BEGIN
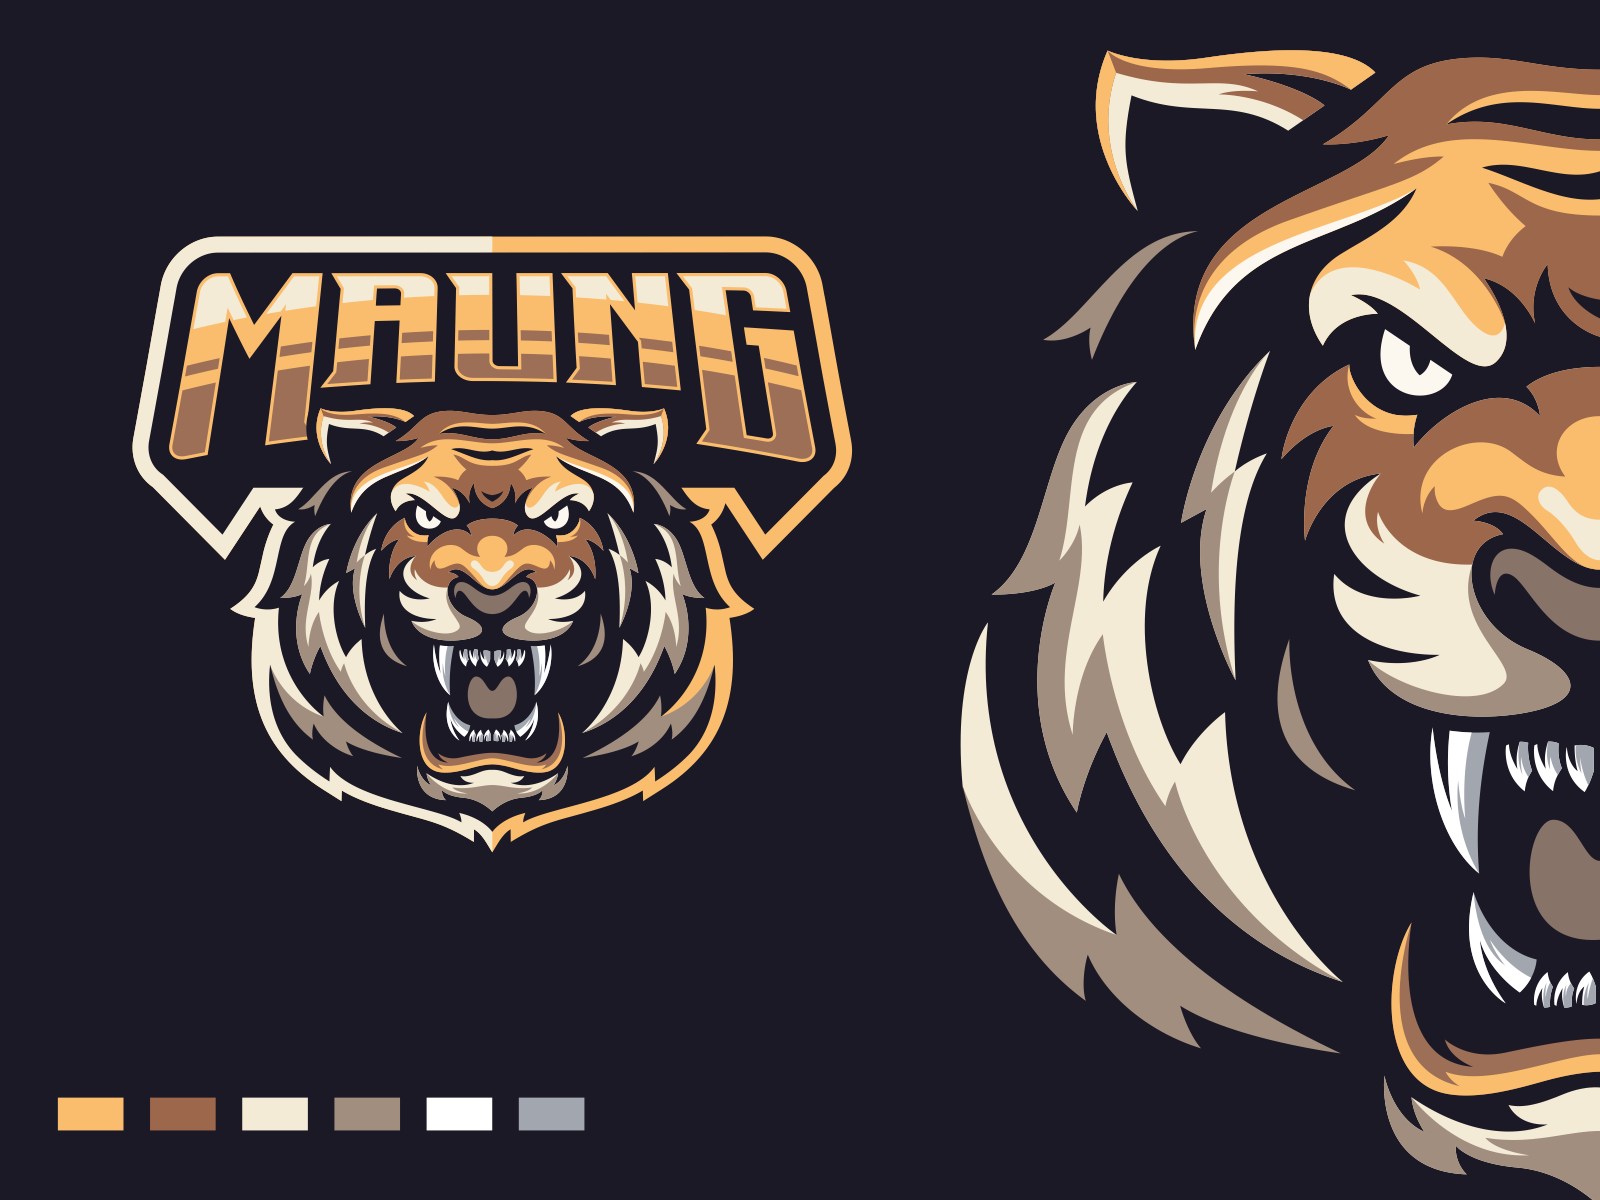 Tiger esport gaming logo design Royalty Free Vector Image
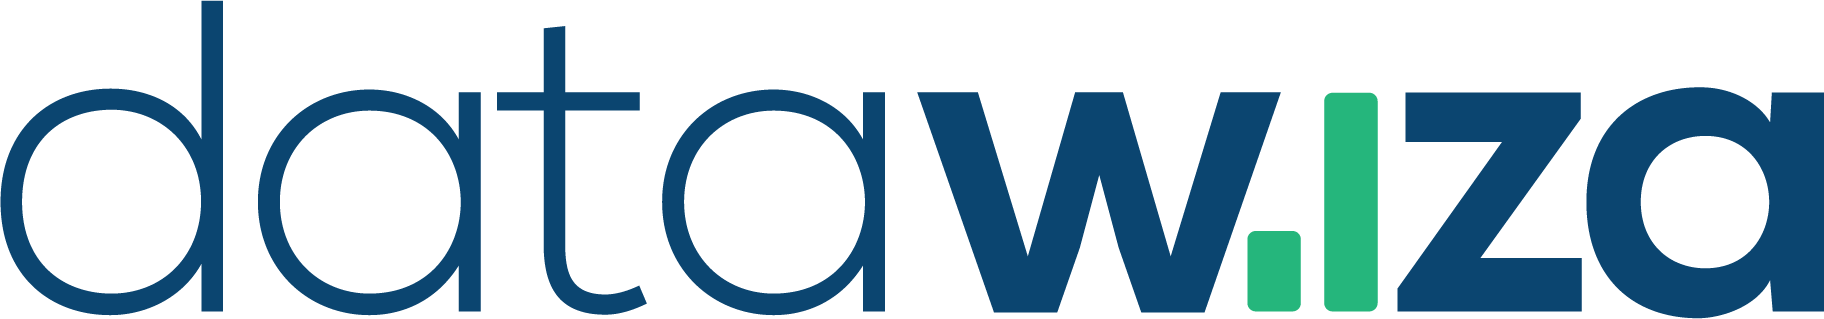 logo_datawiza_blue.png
END
BEGIN
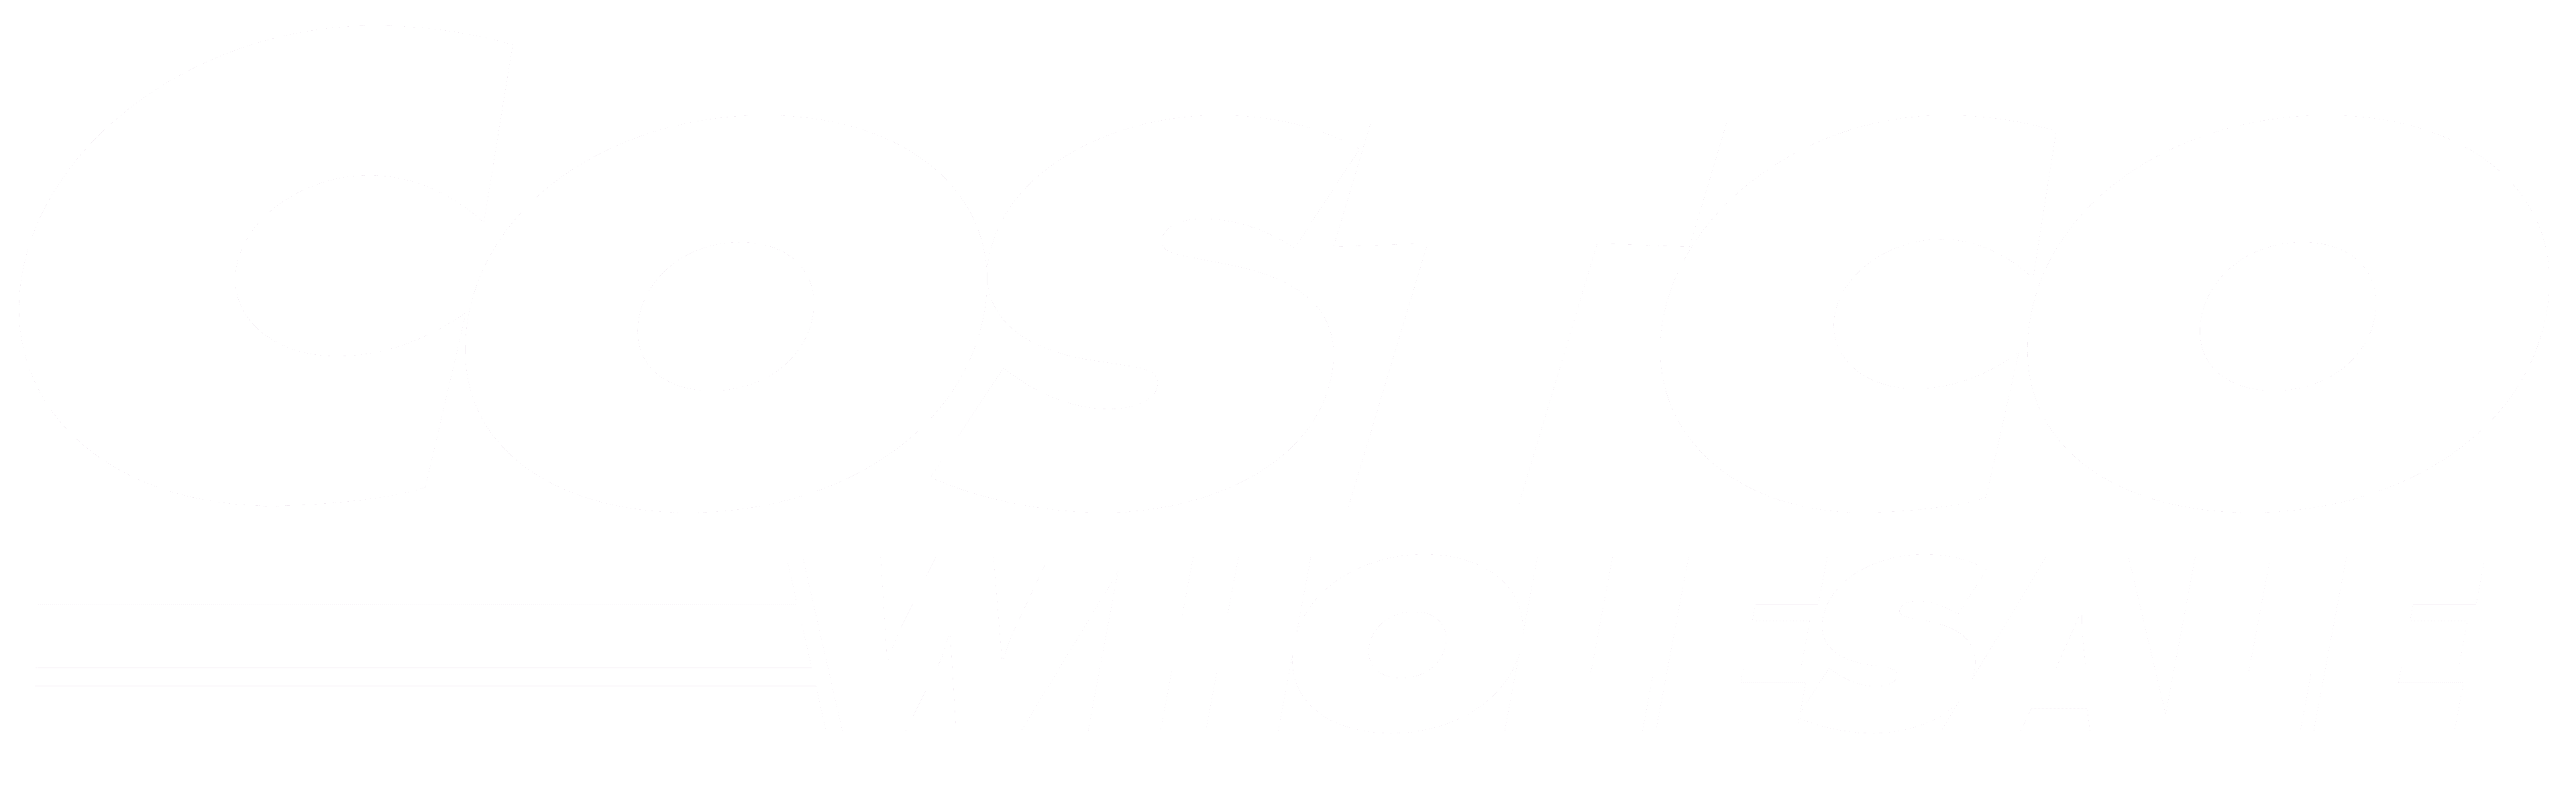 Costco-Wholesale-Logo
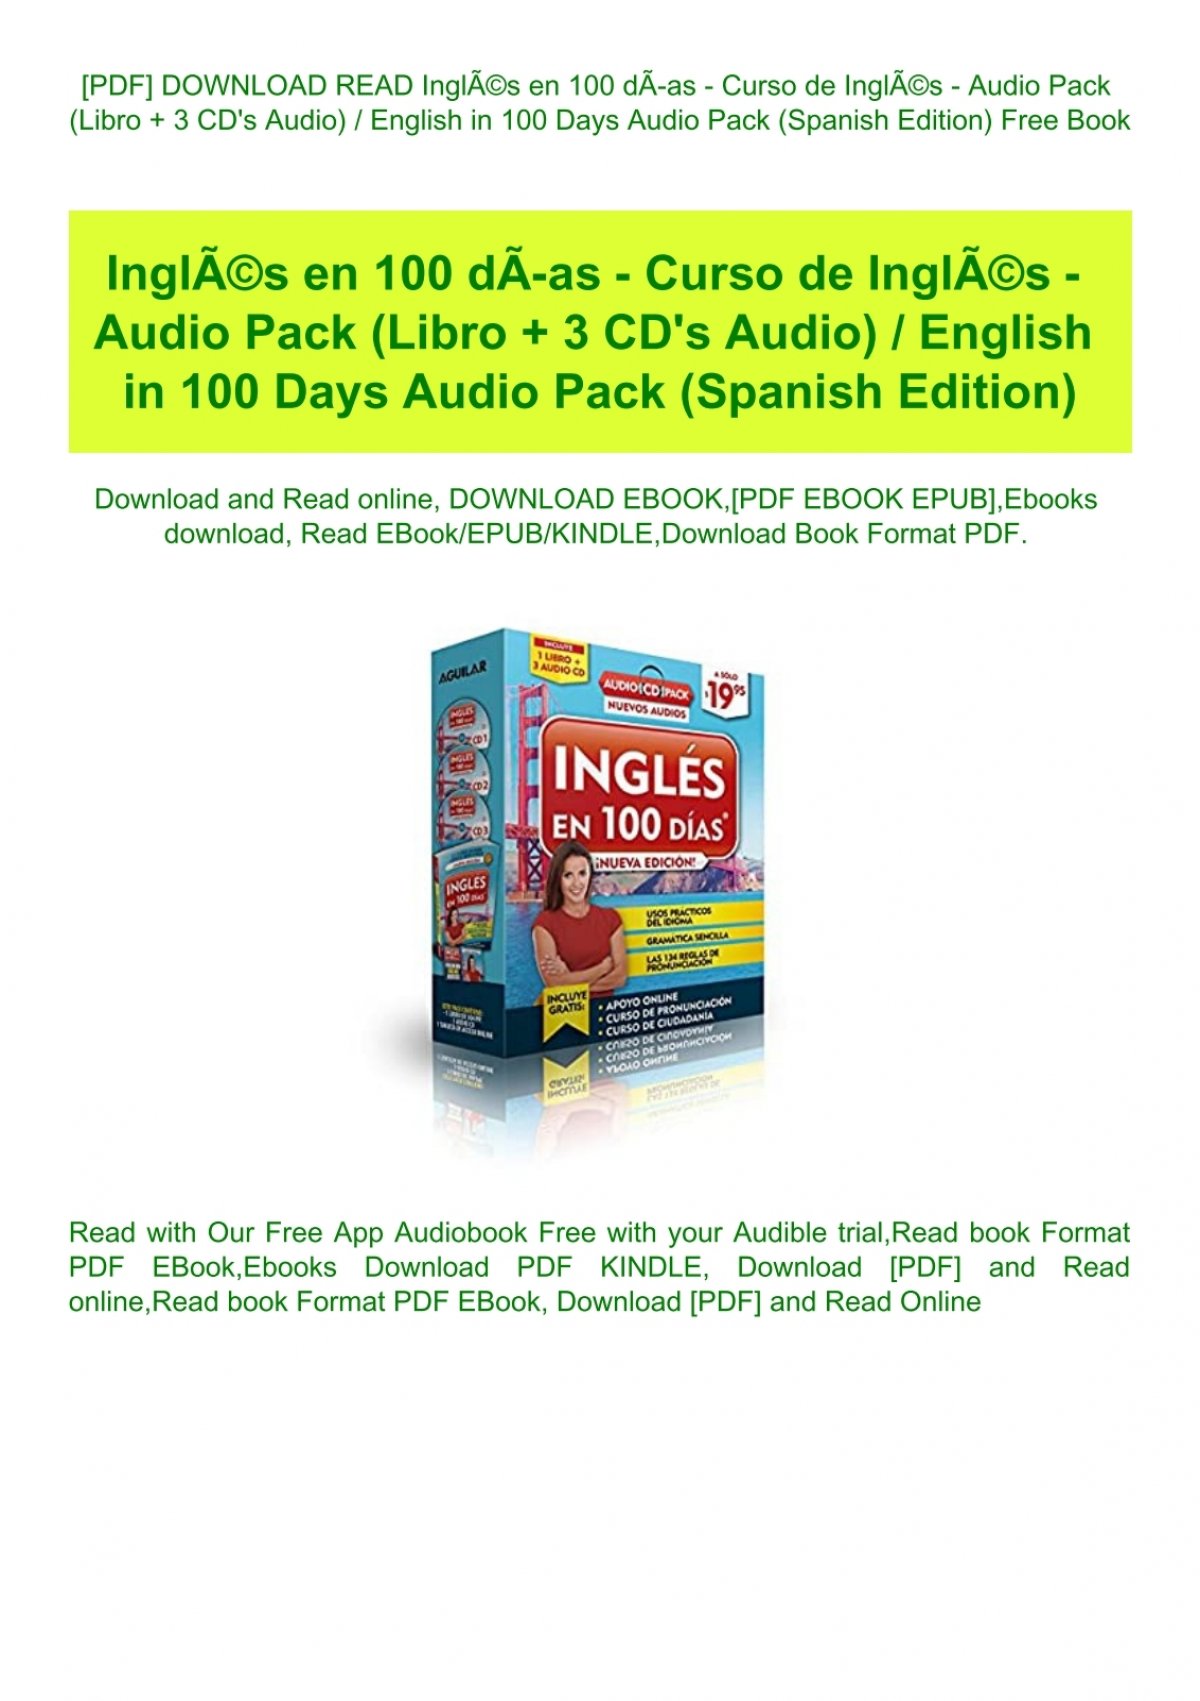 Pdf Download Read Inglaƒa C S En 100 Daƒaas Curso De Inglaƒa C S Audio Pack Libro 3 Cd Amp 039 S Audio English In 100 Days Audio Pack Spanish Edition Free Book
END
# Instructions to follow:
In the listing above, the required lines run from the line with "Costco-Wholesale-Logo" through the line with "Pdf Download Read". Output exactly those lines, omitting pictures.

# Response to the exercise:
 Costco-Wholesale-Logo
 Pdf Download Read Inglaƒa C S En 100 Daƒaas Curso De Inglaƒa C S Audio Pack Libro 3 Cd Amp 039 S Audio English In 100 Days Audio Pack Spanish Edition Free Book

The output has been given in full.